Let us assume you have already checked that your model does not break any of the MML87 assumptions, and performed the mathematical gymnastics required to pose reasonable priors and derive the Fisher information. (It is common also to find formulae for parameters that will minimize the MML87 length formula. If this is difficult, `scipy.optimize.fmin` or similar may be used to minimize the message length.)

To create a new estimator, you need to create a new sub-class of `Estimate`. `Estimate` is the base class of all PyMML estimators. Your new class will need to provide a number of terms used in the MML87 length formula (which is implemented in the method `Estimate.length`). To be precise, your class must define methods called `neglog_prior`, `neglog_fisher`, `neglog_data`, and `dimensions`.

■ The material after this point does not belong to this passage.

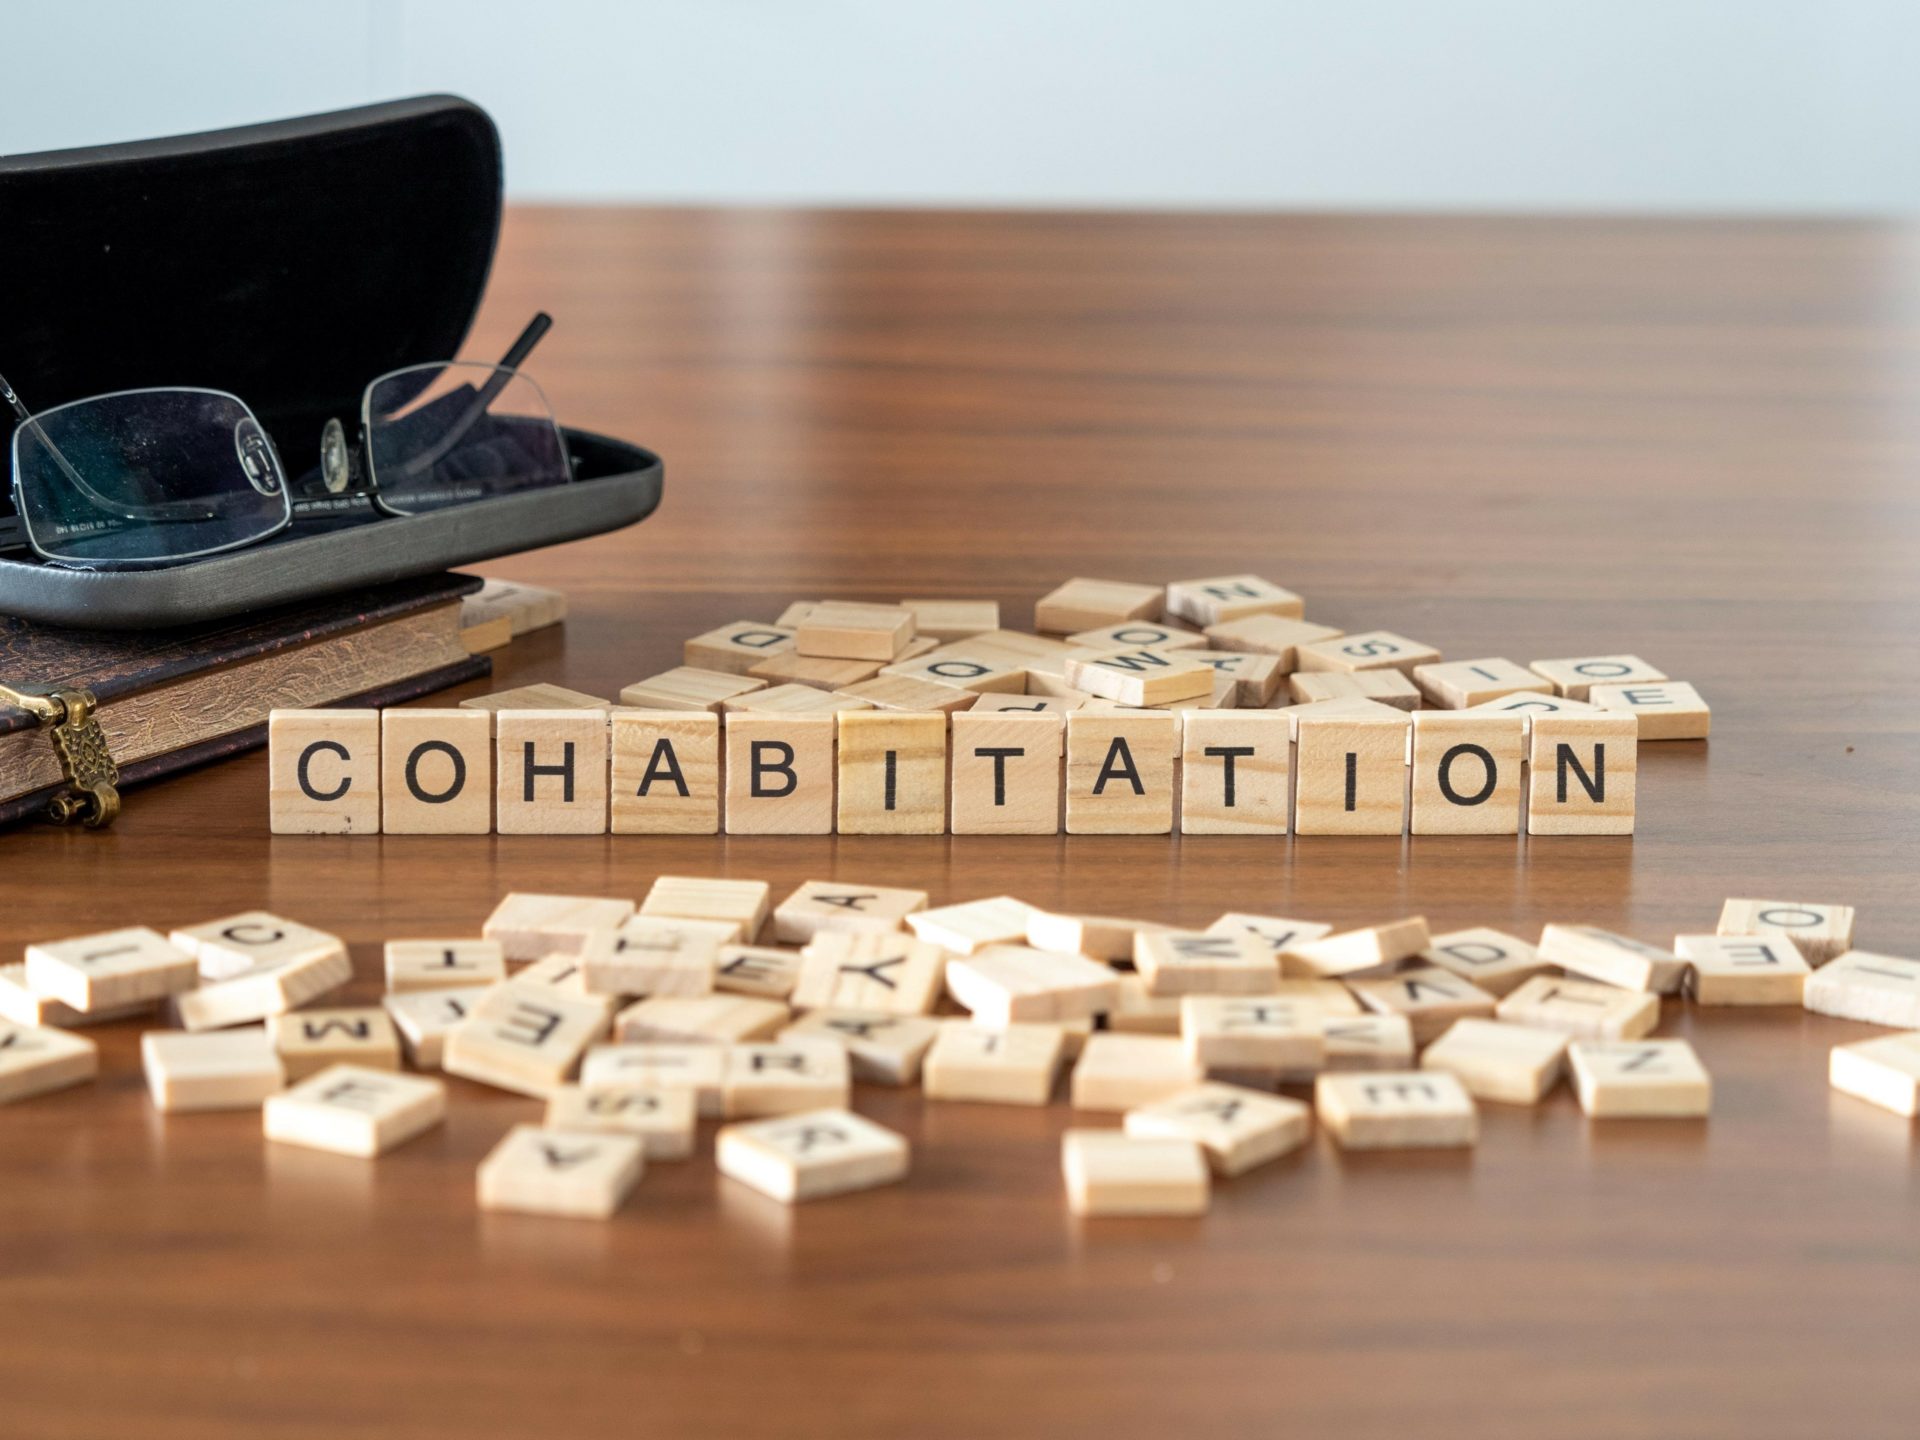 cohabitation with word puzzles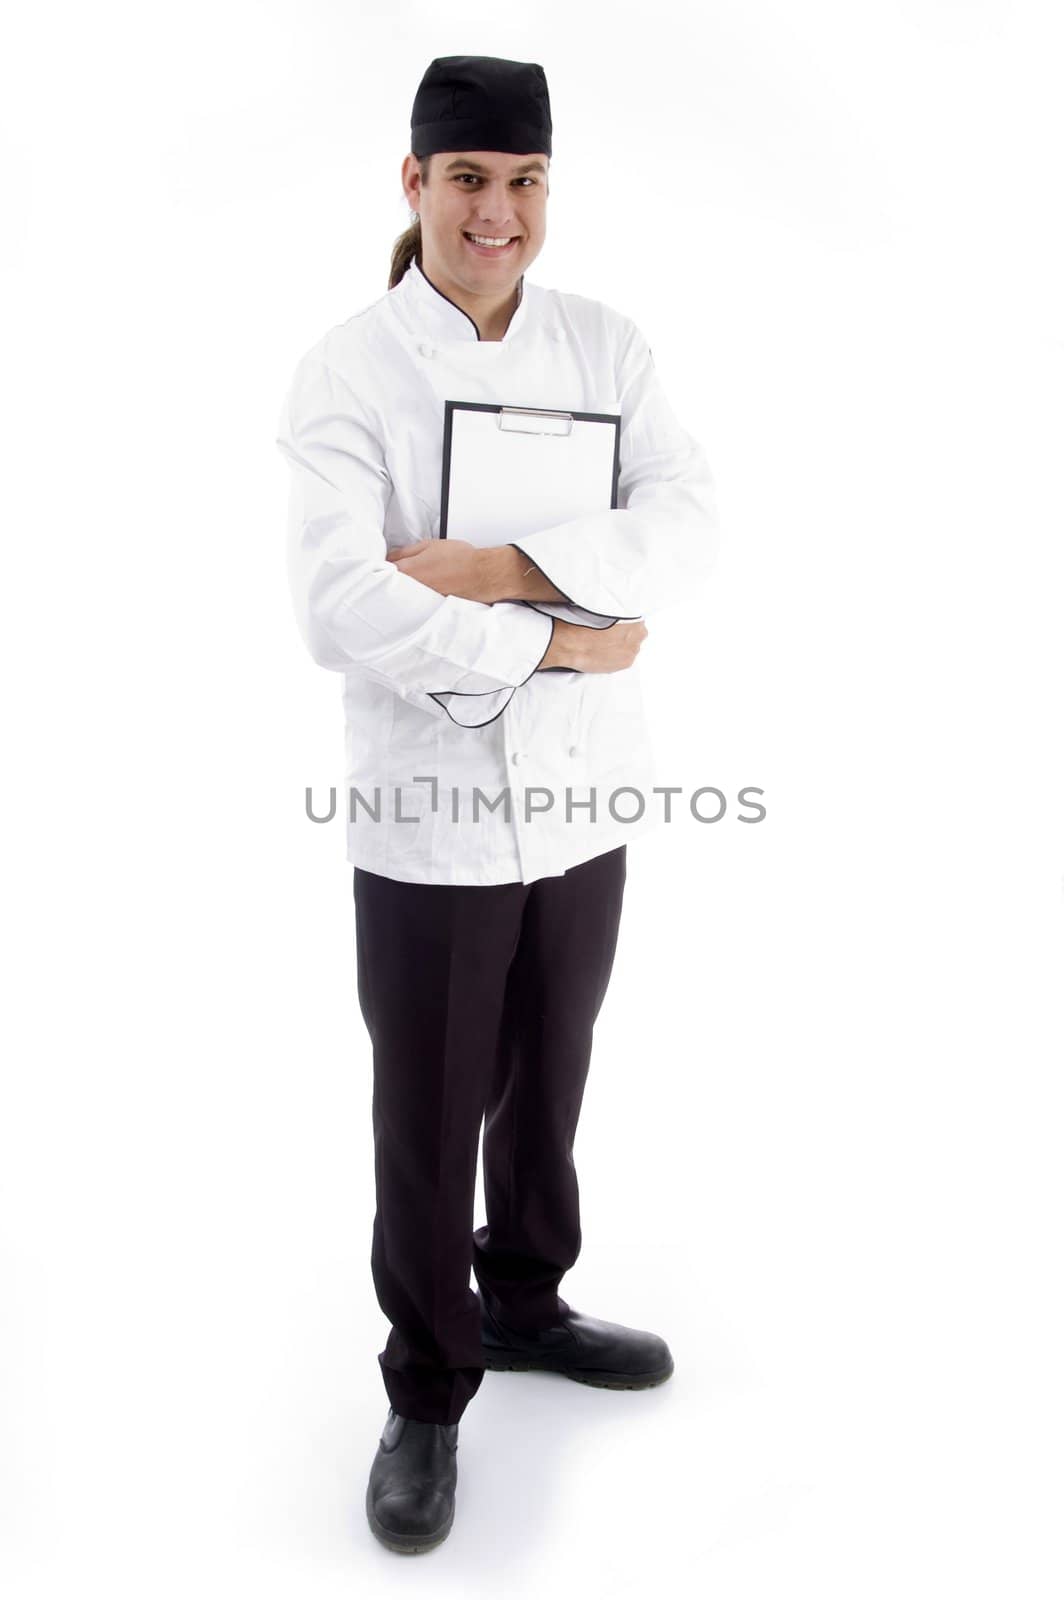 full body pose of handsome chef against white background

The `__init__` method of your new class should perform the actual parameter estimation. The parameter estimates performed in `__init__` should minimize the quantity calculated by `Estimate.length`. (The function `Estimate.test` may be used to check that there is no trivial alteration to parameter values that will reduce the message length.)

The parameters `__init__` accepts should be: `data` (an array of data points), any parameters for priors, and `weighting` (an array of floats, of the same length as `data`). Your `__init__` method should first call `Estimate.__init__(self, data, weighting)`. It should then perform the parameter estimation.

The `weighting` parameter is needed in order to support partial assignment when performing mixture modelling. Its effect can be seen in `Estimate.total_neglog_data`. Parameter estimation in `__init__` should take this into account. That is, the parameters should minimize the *expected* message length, where the probability of each datum actually occurring is given by its corresponding weighting.

A list giving the name of each estimated parameter should be placed in a class attribute called `parameters`. This is used by `Estimate.__repr__`.

Note: any of the existing "simple" PyMML estimators will provide a good template to work from.